> _Work order_
In the entries below, find the line with "Glass Curtain Wall Texture Home Design Ideas" and the line with "Mario Monti gestikuliert"; copy them and every line between them exactly, but not the pictures.

> _Records for this task_
- - -

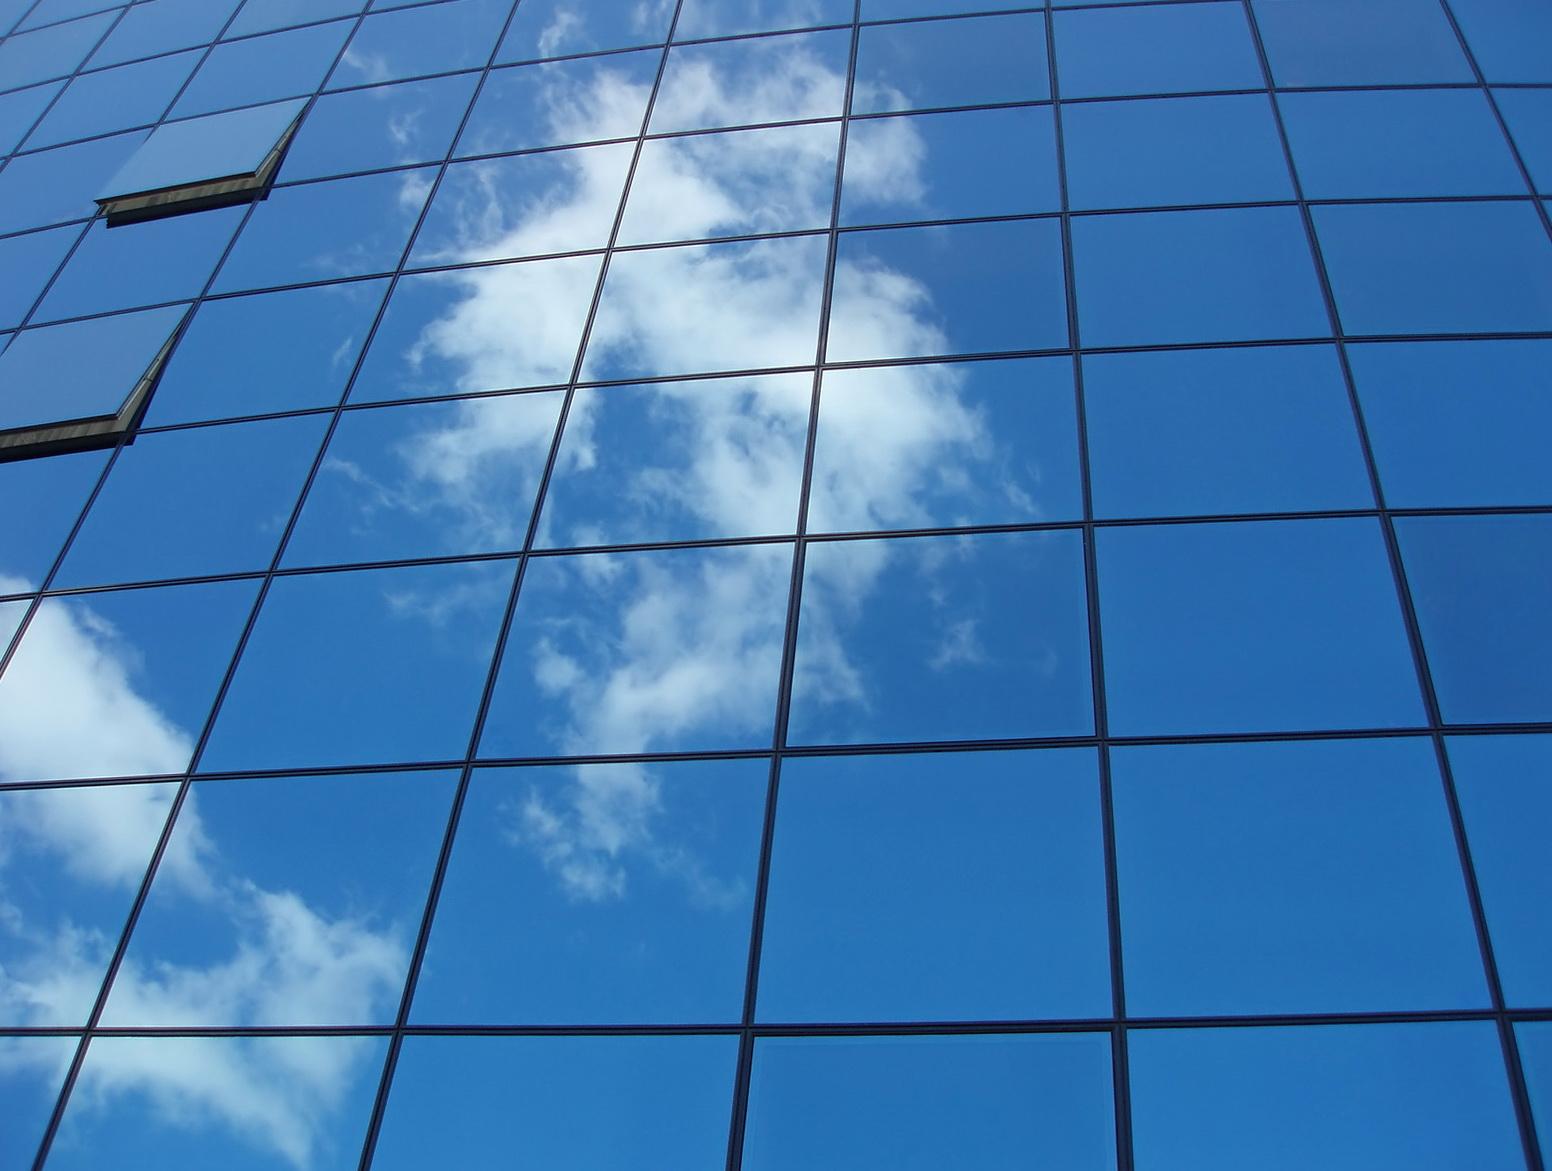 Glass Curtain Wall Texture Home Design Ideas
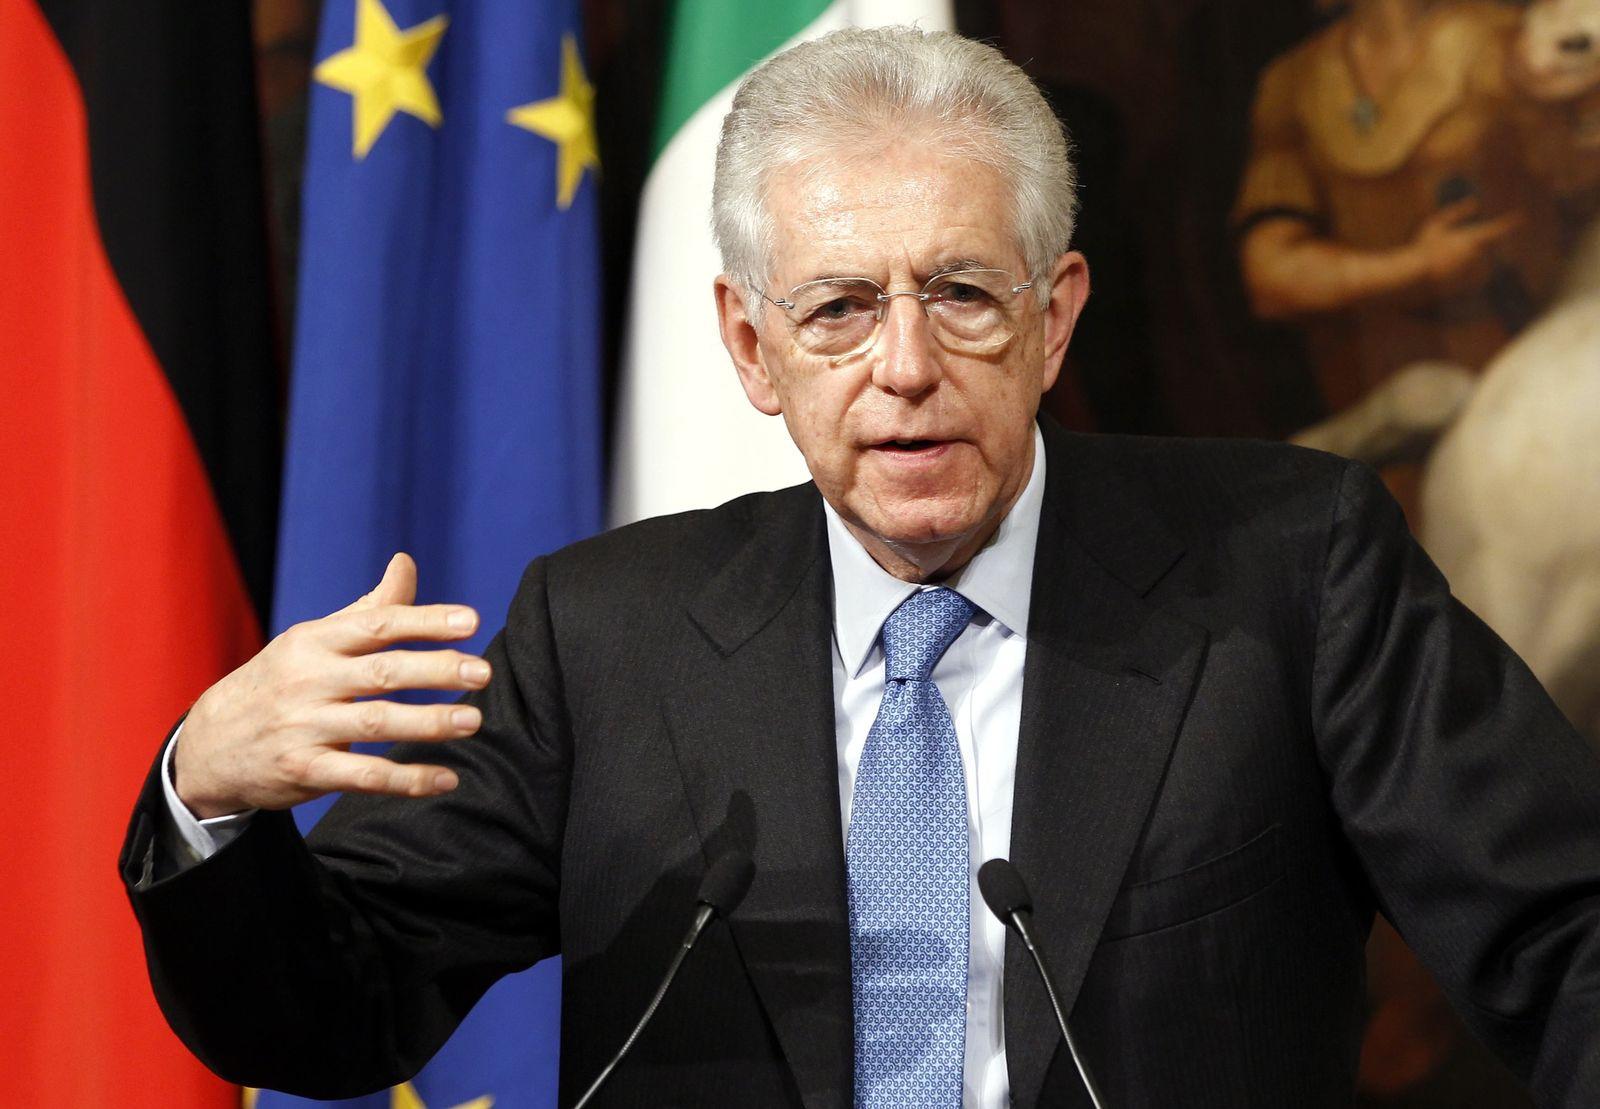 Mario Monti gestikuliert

- - -

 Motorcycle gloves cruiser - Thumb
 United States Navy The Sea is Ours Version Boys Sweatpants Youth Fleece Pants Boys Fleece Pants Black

- - -

> _Written response_
 Glass Curtain Wall Texture Home Design Ideas
 Mario Monti gestikuliert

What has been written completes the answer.